Now that you know this, you should notice that
char string[] = {'A', 'B', 'C'};
is an array of char but it's not a string, for it to be a string, it needs a terminating '\0', so
char string[] = {'A', 'B', 'C', '\0'};
would actually be a string.
Notice that then, when you allocate space to store n characters, you need to allocate n + 1 bytes, to make room for the '\0'.
In the case of printf() it will try to consume all the bytes that the passed pointer points at, until one of them is '\0', there it would stop iterating through the bytes.
That also explains the Undefined Behavior thing, because clearly printf() would be reading out of bounds, and anything could happen, it depends on what is actually there at the memory address that does not belong the the passed data but is off bounds.
There are many functions in the standard library that expect strings, i.e. _sequences of non nul bytes, followed by a nul byte.
I have an array of charracters where I put in information using a gets().
char inname[30];
gets(inname);
How can I add another character to this array without knowing the length of the string in c? (the part that are actual letters and not like empty memmory spaces of romething)
note: my buffer is long enough for what I want to ask the user (a filename, Probebly not many people have names longer that 29 characters)

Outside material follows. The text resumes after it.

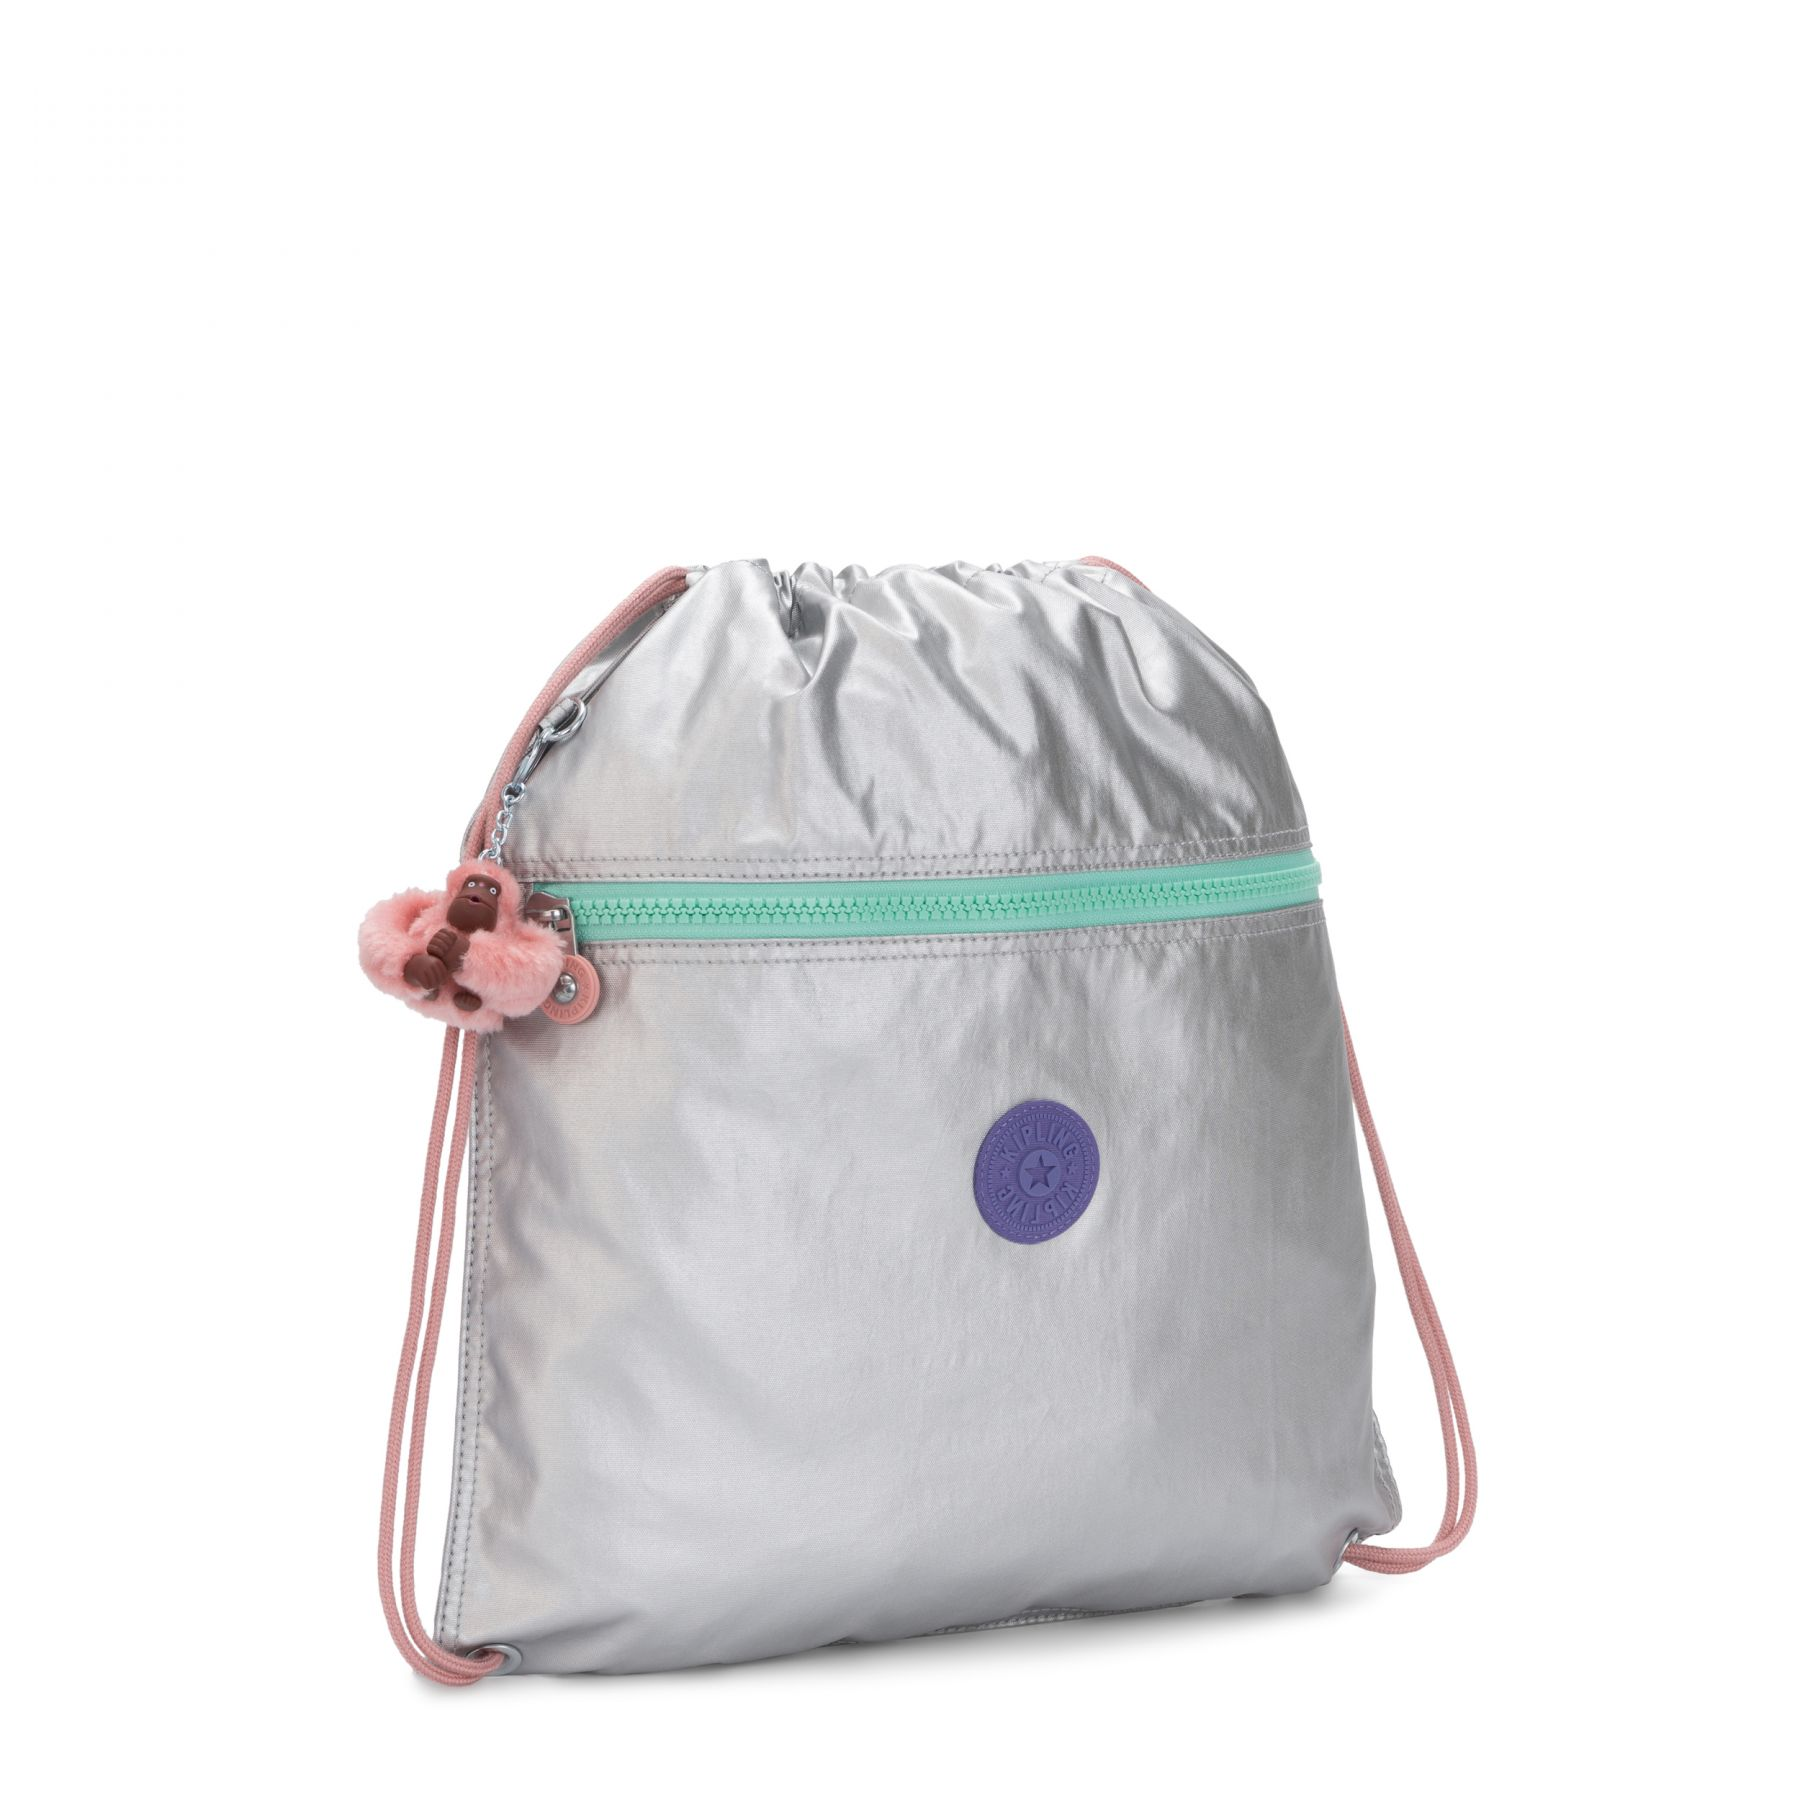 SUPERTABOO SCHOOL BAGS by Kipling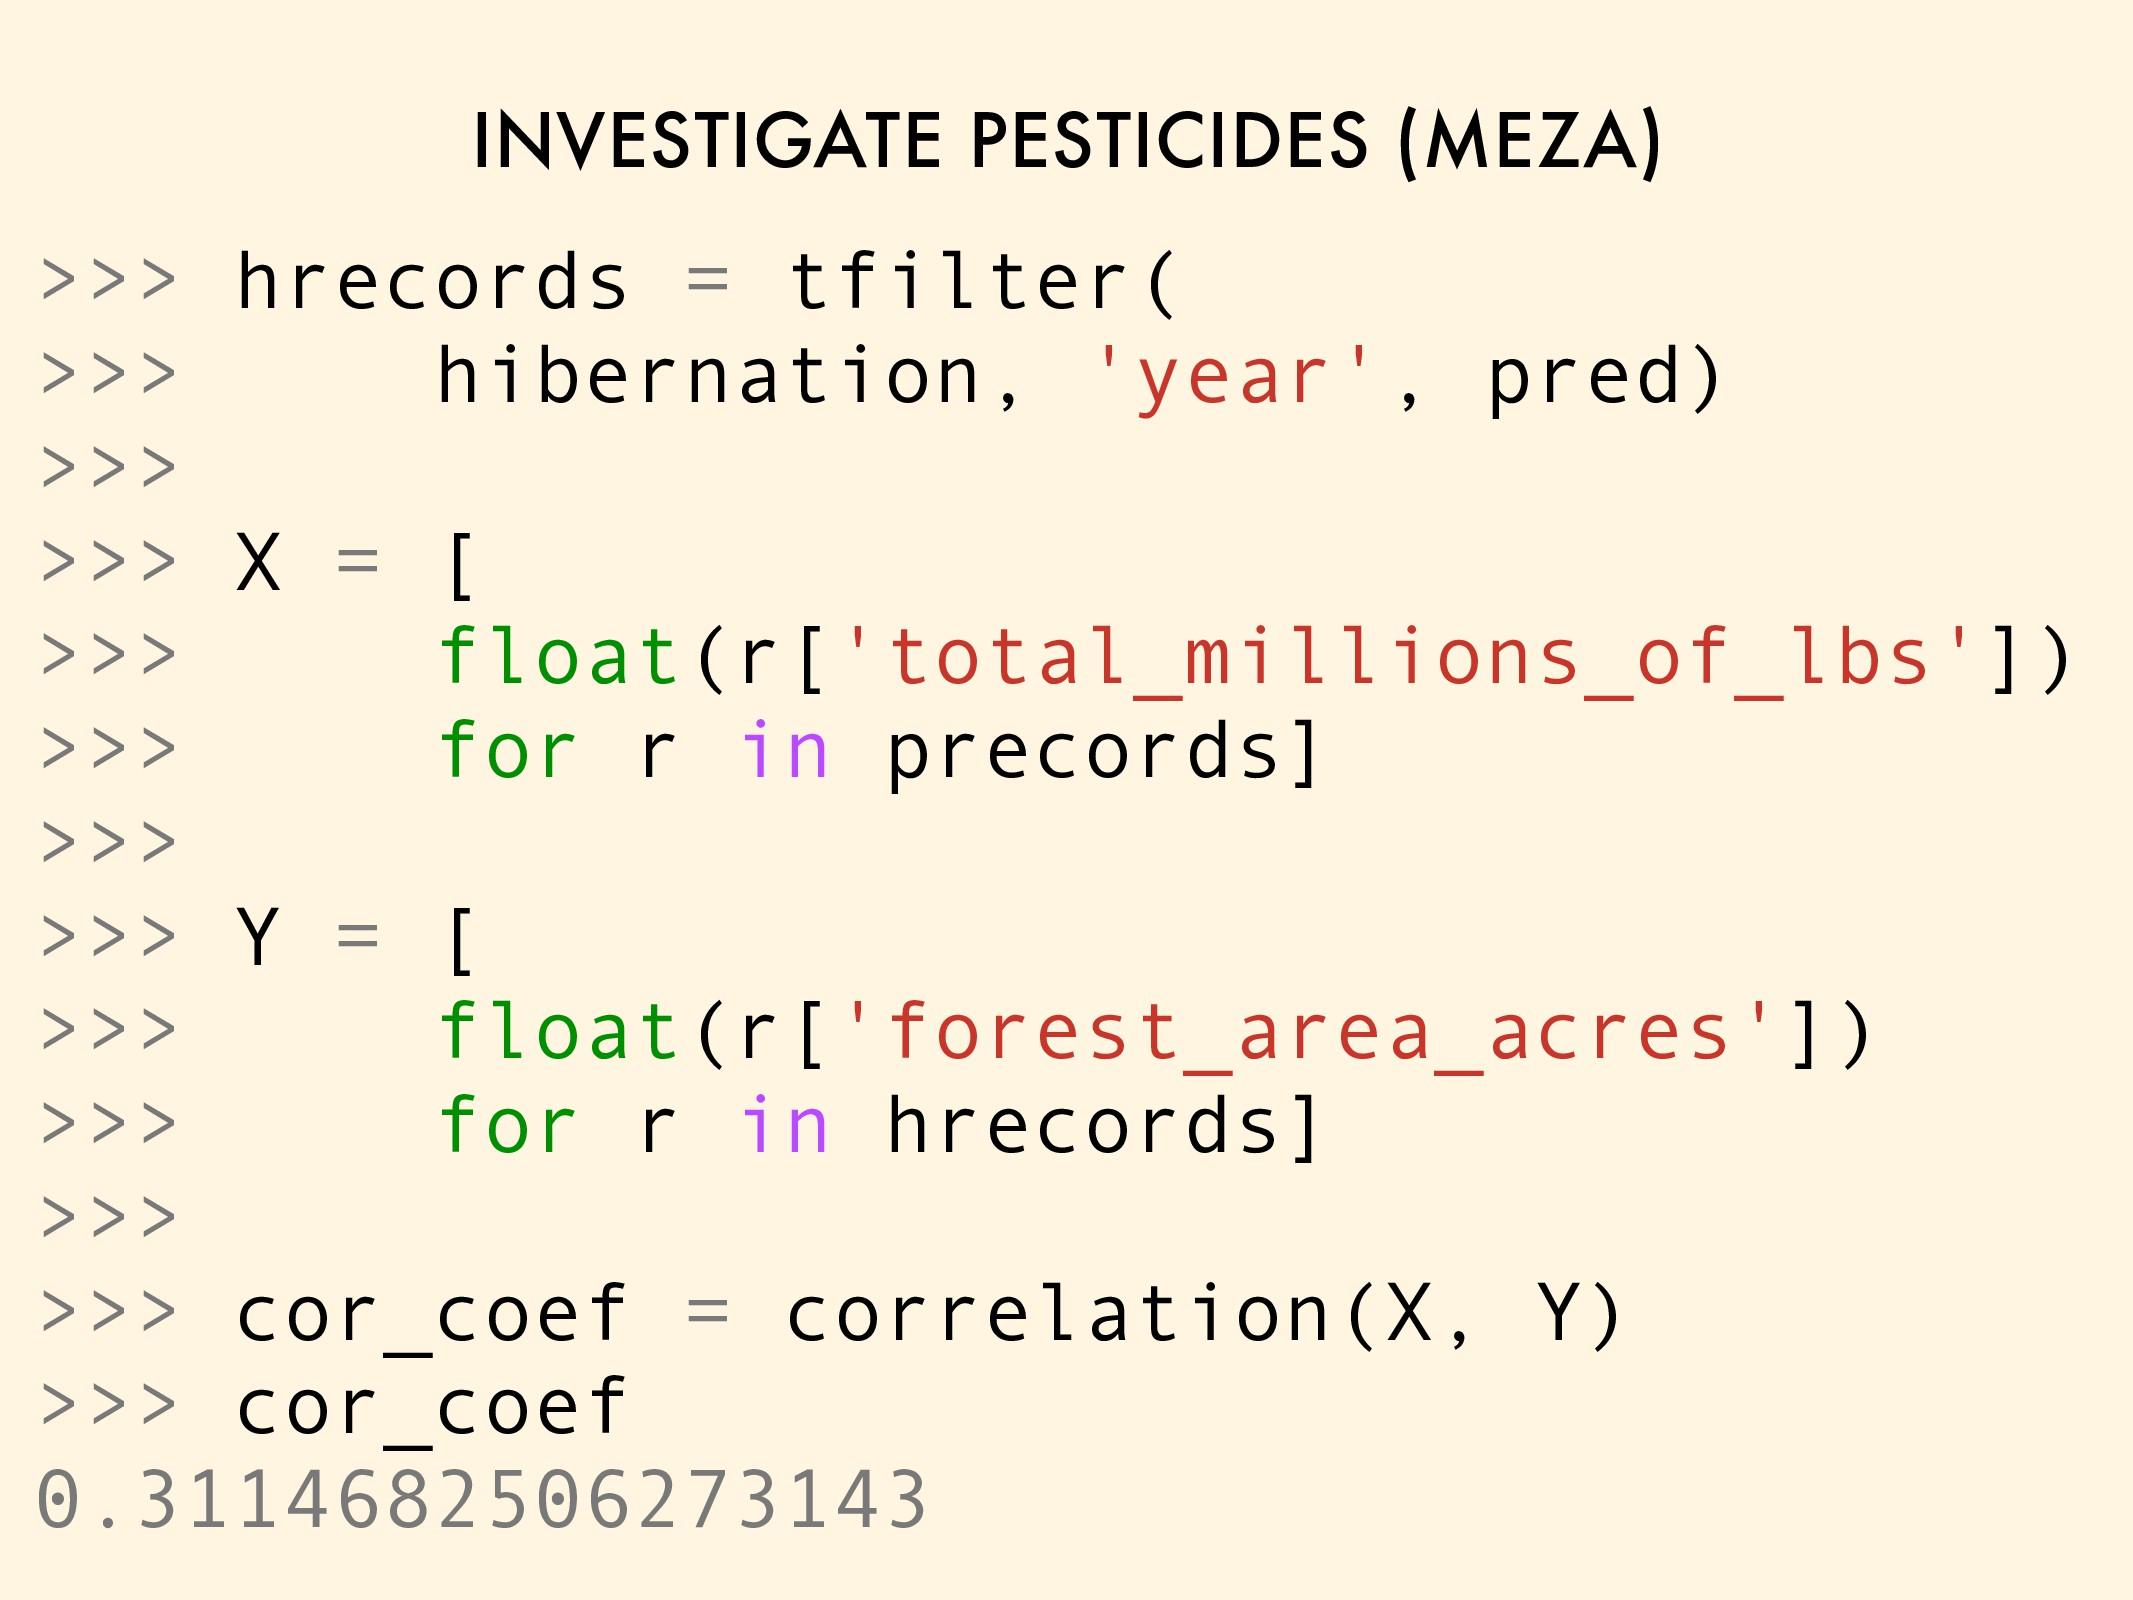 INVESTIGATE PESTICIDES (MEZA) >>> hrecords = tf...

Note that gets is prone to buffer overflow and should be avoided.
Reading a line of input:
char inname[30];
sscanf("%.*s", sizeof(inname), inname);
int len = strlen(inname);
// Remove trailing newline
if (len > 0 && inname[len-1] == '\n') {
len--;
inname[len] = '\0'
}
Appending to the string:
char *string_to_append = ".";
if (len + strlen(string_to_append) + 1) <= sizeof(inname)) {
// There is enough room to append the string
strcat(inname, string_to_append);
}
Optional way to append a single character to the string:
if (len < sizeof(inname) - 2) {
// There is room to add another character
inname[len++] = '.'; // Add a '.' character to the string.
inname[len] = '\0'; // Don't forget to nul-terminate
}
As you have asked in comment, to determine the string length you can directly use
strlen(inname);
OR
you can loop through string in a for loop until \0 is found.
Now after getting the length of prvious string you can append new string as
strcat(&inname[prevLength],"NEW STRING");
EDIT:
To find the Null Char you can write a for loop like this
for(int i =0;inname[i] != 0;i++)
{
//do nothing
}
Now you can use i direcly to copy any character at the end of string like:
inname[i] = Youe Char;
After this increment i and again copy Null char to(0) it.
P.S.
Any String in C end with a Null character termination. ASCII null char '\0' is equivalent to 0 in decimal.
You know that the final character of a C string is '\0', e.g. the array:
char foo[10]={"Hello"};
is equivalent to this array:
['H'] ['e'] ['l'] ['l'] ['0'] ['\0']
Thus you can iterate on the array until you find the '\0' character, and then you can substitute it with the character you want.
Alternatively you can use the function strcat of string.h library
Short answer is you can't.
In c you must know the length of the string to append char's to it, in other languages the same applies but it happens magically, and without a doubt, internally the same must be done.
c strings are defined as sequences of bytes terminated by a special byte, the nul character which has ascii code 0 and is represented by the character '\0' in c.
You must find this value to append characters before it, and then move it after the appended character, to illustrate this suppose you have
char hello[10] = "Hello";
then you want to append a '!' after the 'o' so you can just do this
size_t length;
length = strlen(hello);
/* move the '\0' one position after it's current position */
hello[length + 1] = hello[length];
hello[length] = '!';
now the string is "Hello!".
Of course, you should take car of hello being large enough to hold one extra character, that is also not automatic in c, which is one of the things I love about working with it because it gives you maximum flexibility.
You can of course use some available functions to achieve this without worrying about moving the '\0' for example, with
strcat(hello, "!");
you will achieve the same.
Both strlen() and strcat() are defined in string.h header.